Exercise objective.
Repeat each line of the data below exactly, but skip the pictures.

Dataset extract.
:::

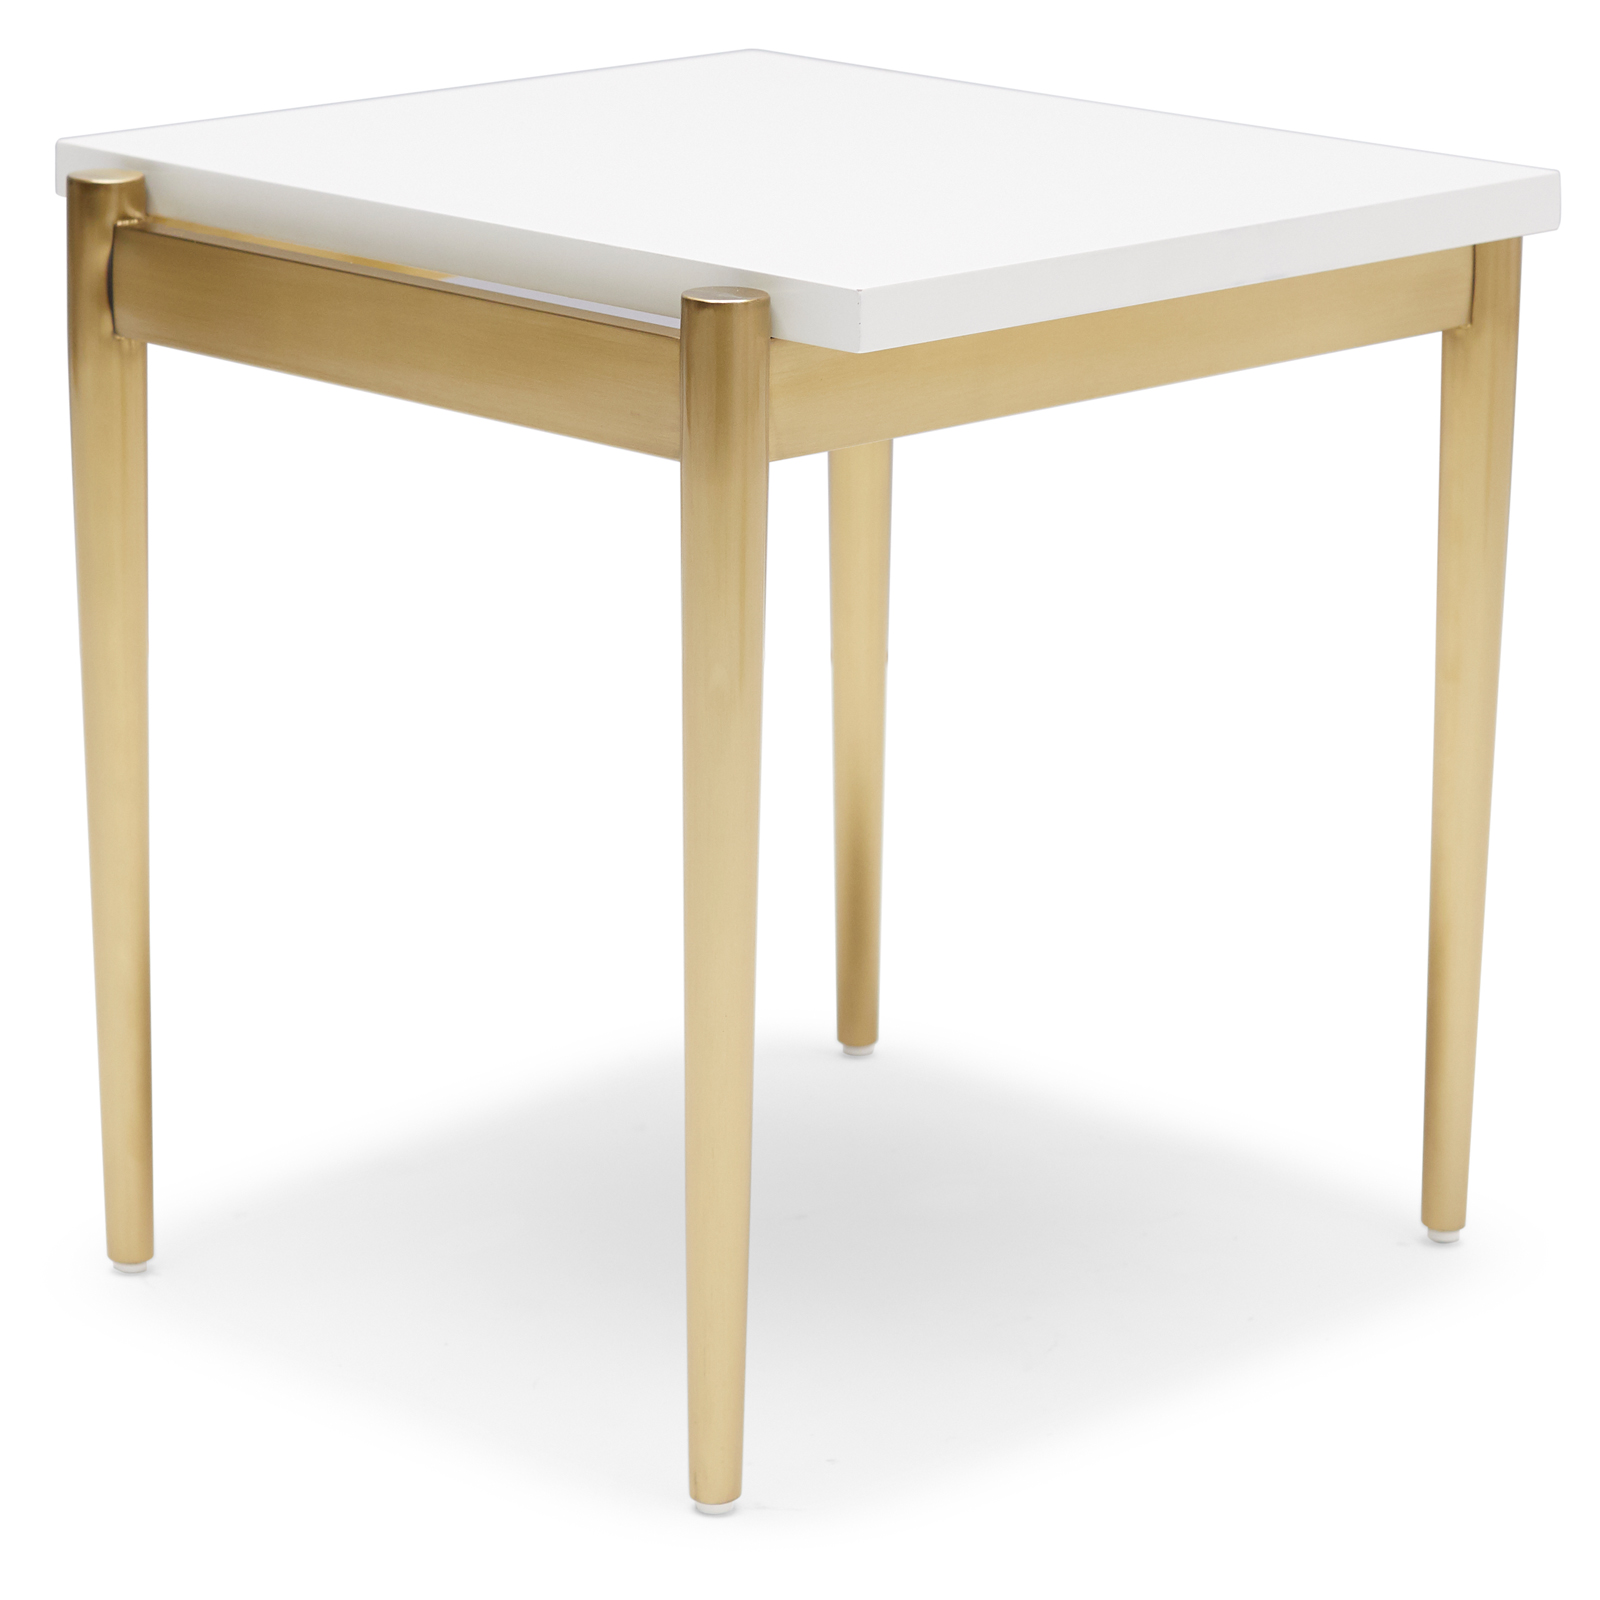 MoDRN Neo Luxury Dylan End Table - image 2 of 7
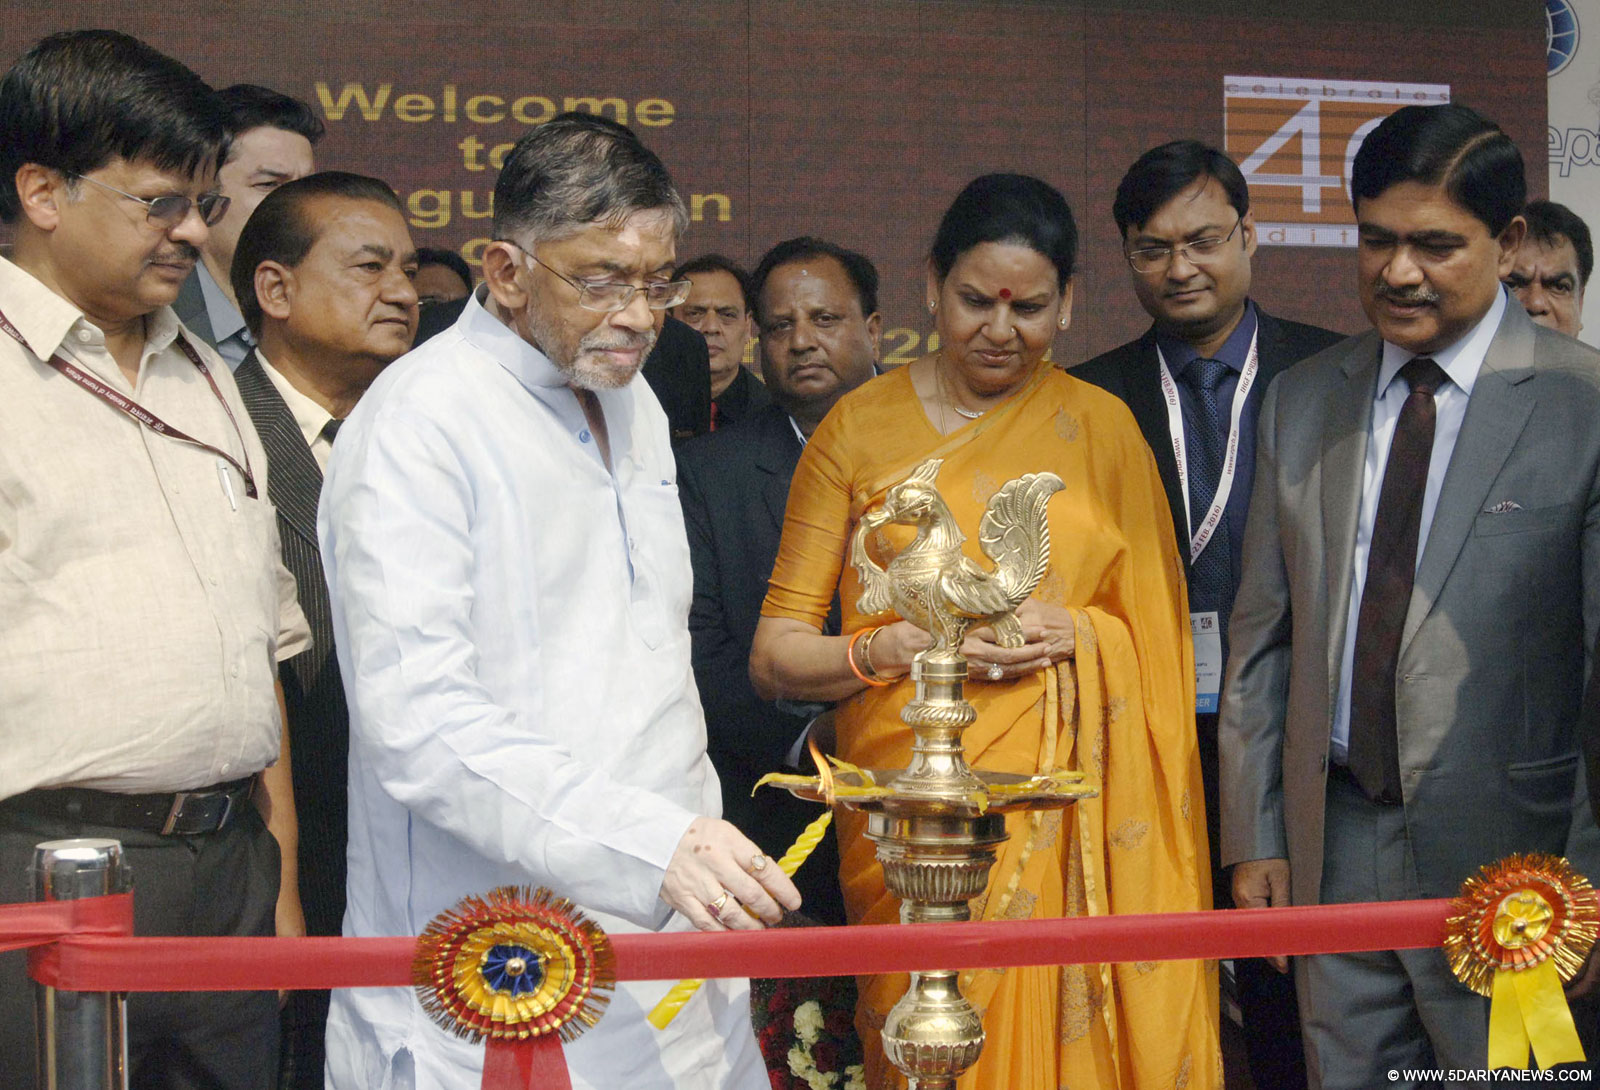 The Minister of State for Textiles (Independent Charge), Shri Santosh Kumar Gangwar lighting the lamp to inaugurate the 40th edition of IHGF Delhi Fair–Autumn 2015, in Greater Noida on October 14, 2015. The Secretary, Textiles, Dr. Sanjay Kumar Panda and other dignitaries are also seen.
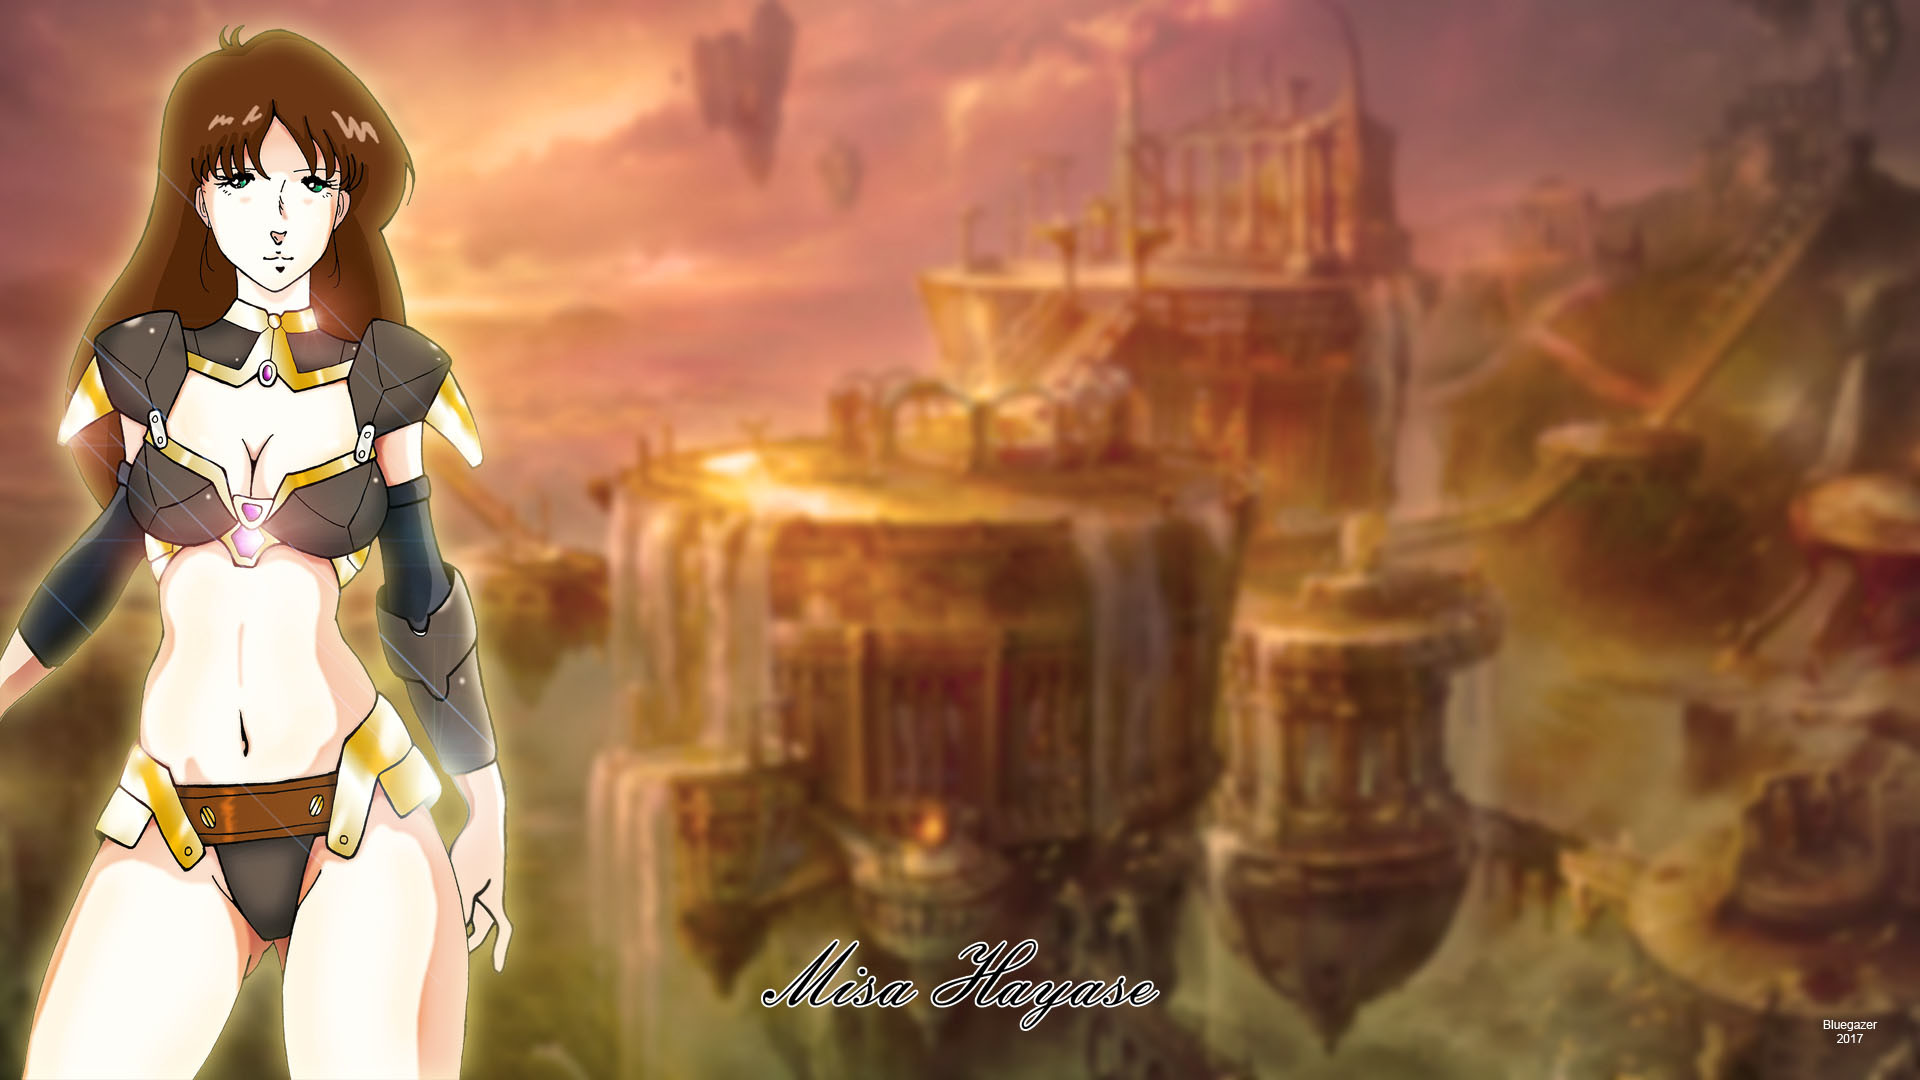 1920x1080 ... Misa Hayase - The Valkyrie - Wallpaper by Neobgzer

:::

Answer to the problem.
 MoDRN Neo Luxury Dylan End Table - image 2 of 7
 The Minister of State for Textiles (Independent Charge), Shri Santosh Kumar Gangwar lighting the lamp to inaugurate the 40th edition of IHGF Delhi Fair–Autumn 2015, in Greater Noida on October 14, 2015. The Secretary, Textiles, Dr. Sanjay Kumar Panda and other dignitaries are also seen.
 1920x1080 ... Misa Hayase - The Valkyrie - Wallpaper by Neobgzer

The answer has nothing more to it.